Forever 21 clothing and accessories retailer is sending data breach notifications to more than half a million individuals who had their personal information exposed to network intruders.
The company is operating 540 outlets worldwide and employs roughly 43,000 people.
A sample of the data breach notice shared with the Office of the Maine Attorney General says that the company detected a cyberattack on several of its systems on March 20.
The investigation revealed that hackers had intermittent access to Forever 21 systems between January and March this year and leveraged this access to steal data.

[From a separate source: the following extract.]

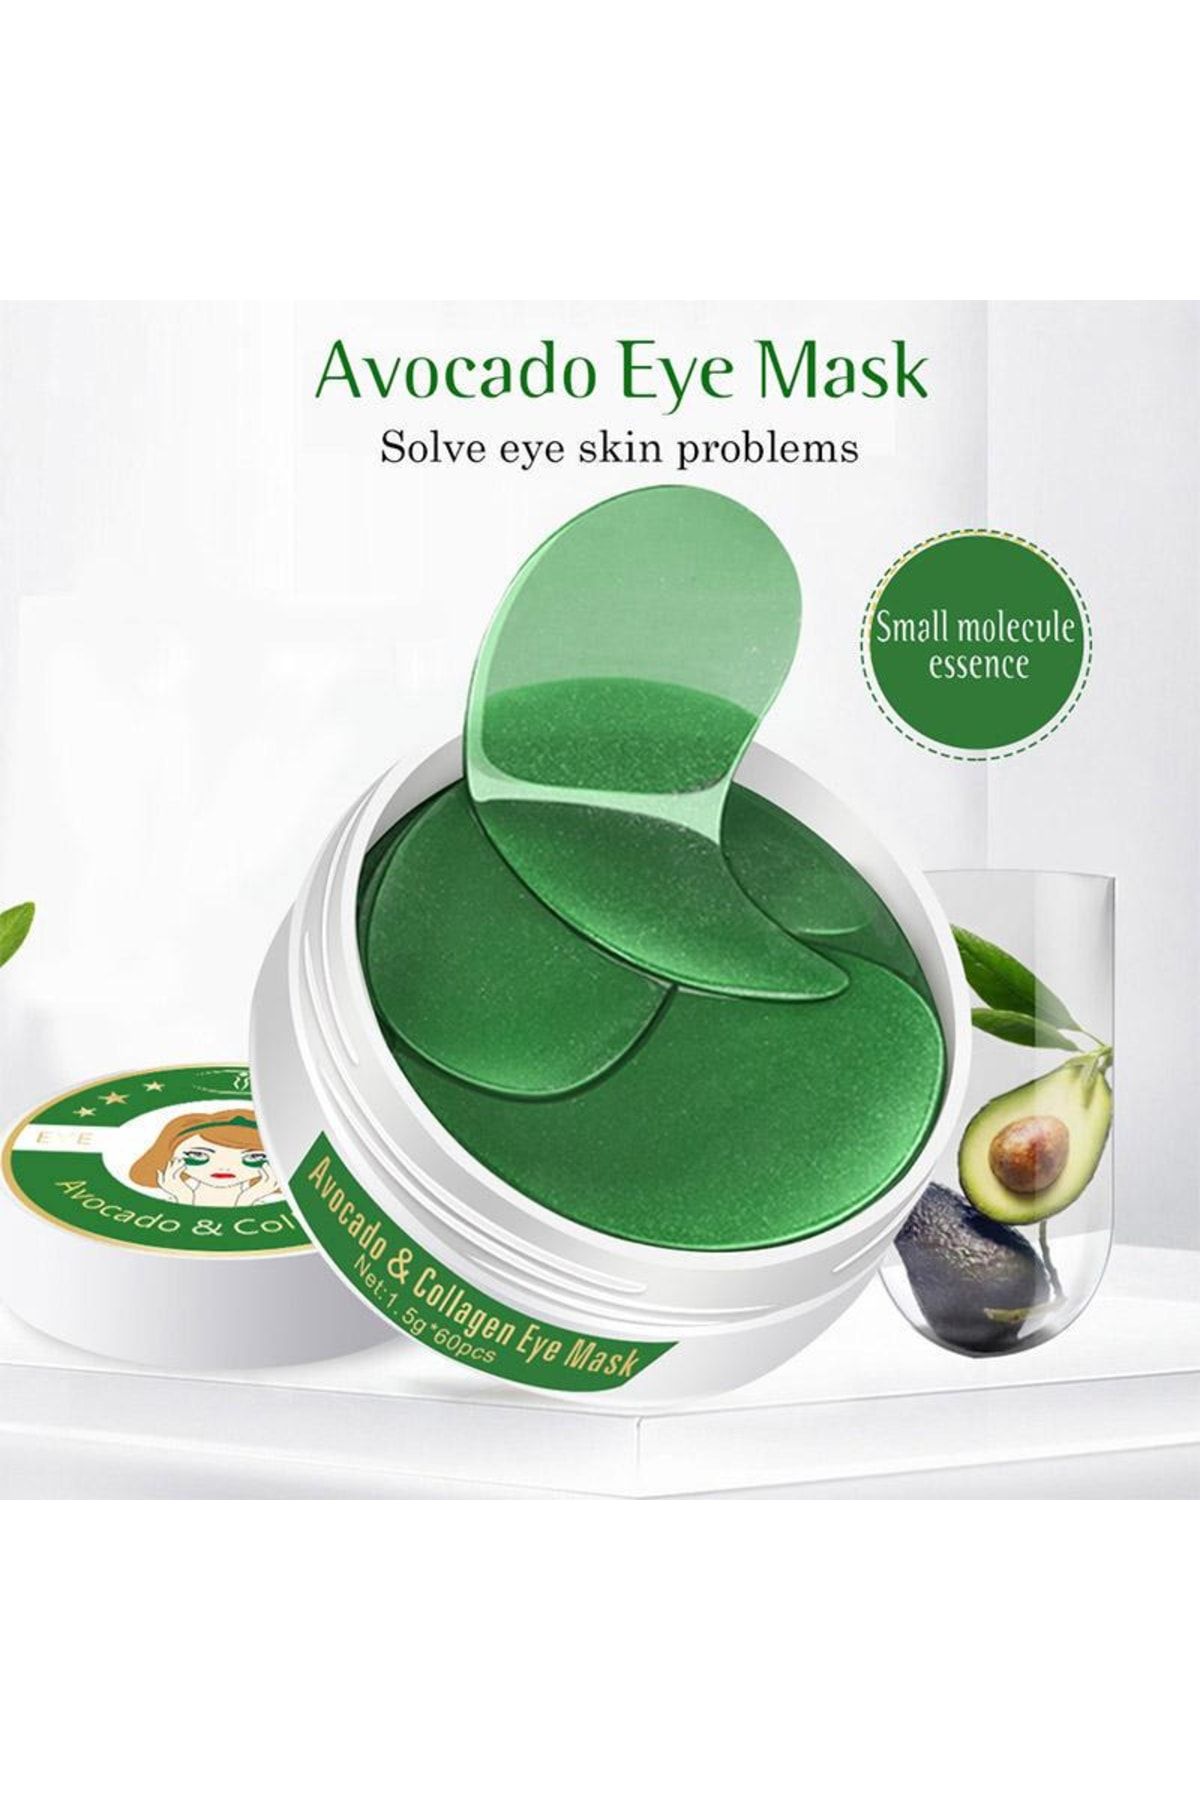 LİZAGOLD Kolajen Ve Avacado Içeren Sıkılaştırıcı Göz Maskesi 1.4g Mısa 24k 60 Adet
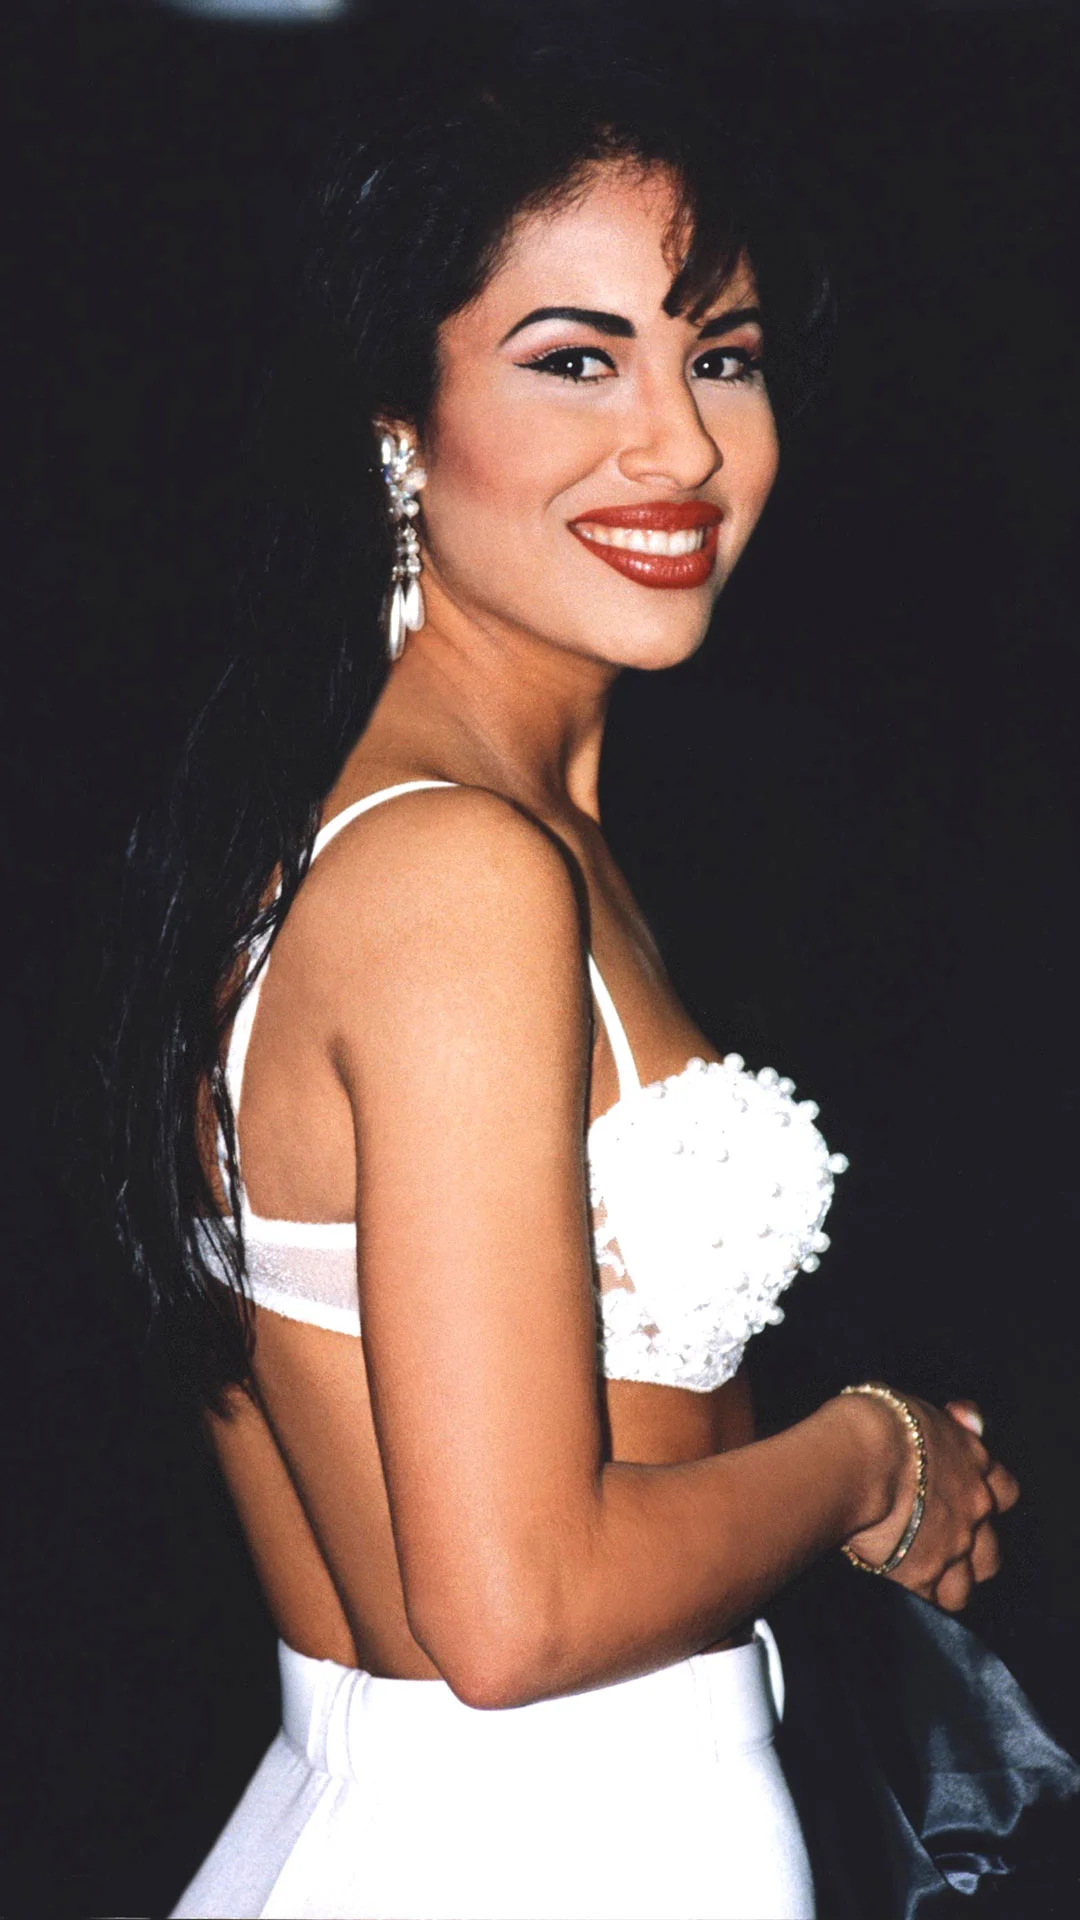 Selena en vestido blanco

“The investigation revealed that an unauthorized third party accessed certain Forever 21 systems at various times between January 5, 2023, and March 21, 2023,” reads the notice.
The data breach notice sent on August 29 to 539,207 impacted individuals mentions the following data types as potentially exposed:
- Full name
- Social Security Number (SSN)
- Date of Birth
- Bank Account Number
- Forever 21 Health Plan information
BleepingComputer has contacted Forever 21 to determine if the security incident has impacted both customers and employees, but we have not received a response by publication time.
In the notice, Forever 21 reports that they have taken measures to ensure the hackers have erased the stolen data, an indication that the company communicated with the attacker.
This typically happens after ransomware attacks, when the victim engages in negotiation with the hackers to pay a more reasonable ransom. However, a ransomware attack on Forever 21 has not been confirmed.
Also, the firm states it has no indication that the stolen data has been shared with other cybercriminals and characterizes the risk arising from the event for exposed people as “low.”
Additionally, all notice recipients will find enclosed instructions on how to enroll for a free-of-charge 12-month fraud and identity theft protection service.
In November 2017, Forever 21 notified its customers of another data breach impacting its payments system, resulting in the compromise of card data from transactions made between March and October 2017.